Lady Hale explained that the High Court certified a different point of law, namely under section 1 of the Administration of Justice 1960 what information is relevant to the specific period complained off when assessing whether an offence had been committed under section 444(1) of the 1996 Act.

In considering what ‘regular’ meant, Lady Hale considered that the three possible meanings interpretations. These were:

  1. At regular intervals.
  2. Sufficiently frequently.
  3. In accordance with the rules.

In accordance with the rules. In regard to ‘regular’ meaning attendance ‘at regular intervals’ was discarded as a possible interpretation, as this would have enabled a child’s attendance to be regular even if he was regularly late.

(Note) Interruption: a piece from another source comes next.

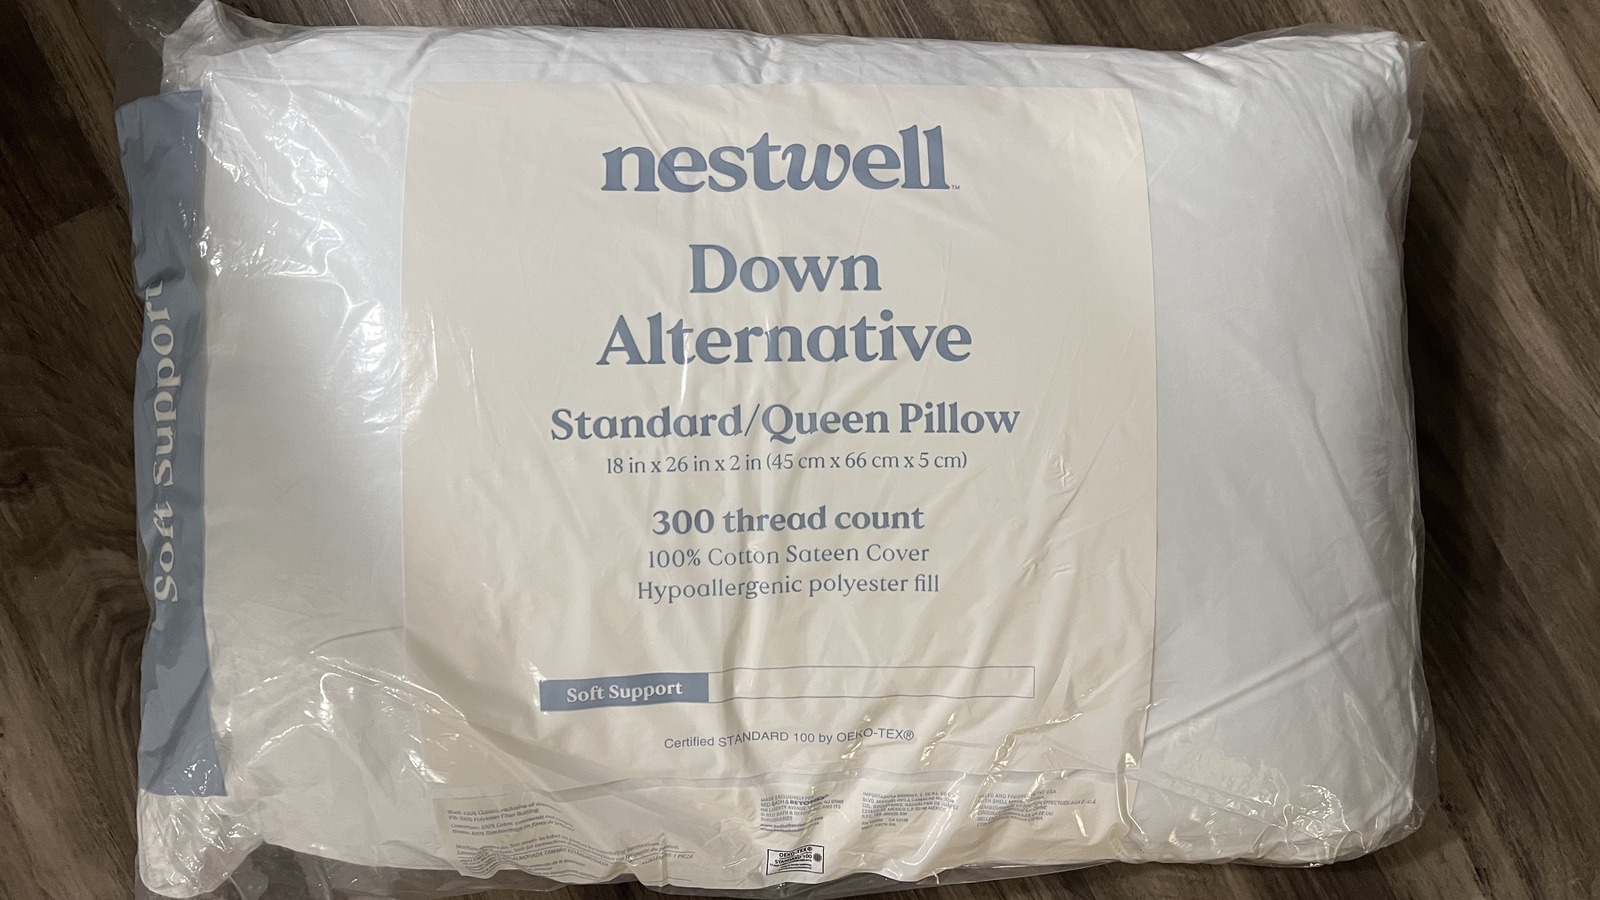 Extra Soft Cotton Damask Down Alternative Stomach Sleeper Pillow - On Sale  - Bed Bath & Beyond - 18058143

In regard to ‘sufficiently frequently’, the court considered that this interpretation accorded with what was meant when one talked of being a ‘regular’ at the pub or a ‘regular’ church. Attendance regularly could not be construed in this way. This was because the purpose of the Education Act 1996 was to increase the scope and character of compulsory state education. Lady Hale further reasoned that the 1994 Act sought to tighten not to relax parental liability. Most significantly, this interpretation would not have been sufficiently certain to found a criminal offence.

The court determined that ‘in accordance with the rules’ was the correct interpretation. This was because, while a minor or trivial breach of the rules could lead to criminal liability, this could be countenanced by a sensible prosecution policy. Further, as statutes imposing criminal liability should be drafted so that everyone knew where they stood this was the only interpretation that would achieve this.

The court, therefore, concluded that regularly in the context of offence meant ‘in accordance with the rules prescribed by the school’.

The decision will shift the attention on the attendance rules and policies of schools. This may result in an increase in judicial review claims.

Fact is that the now Mr. Platt will be reissued with a summons to appear at the Magistrates Court and the entire process begins. As regards Mary’s mother, she had decided to pay the fixed penalty fine at the time it was issued.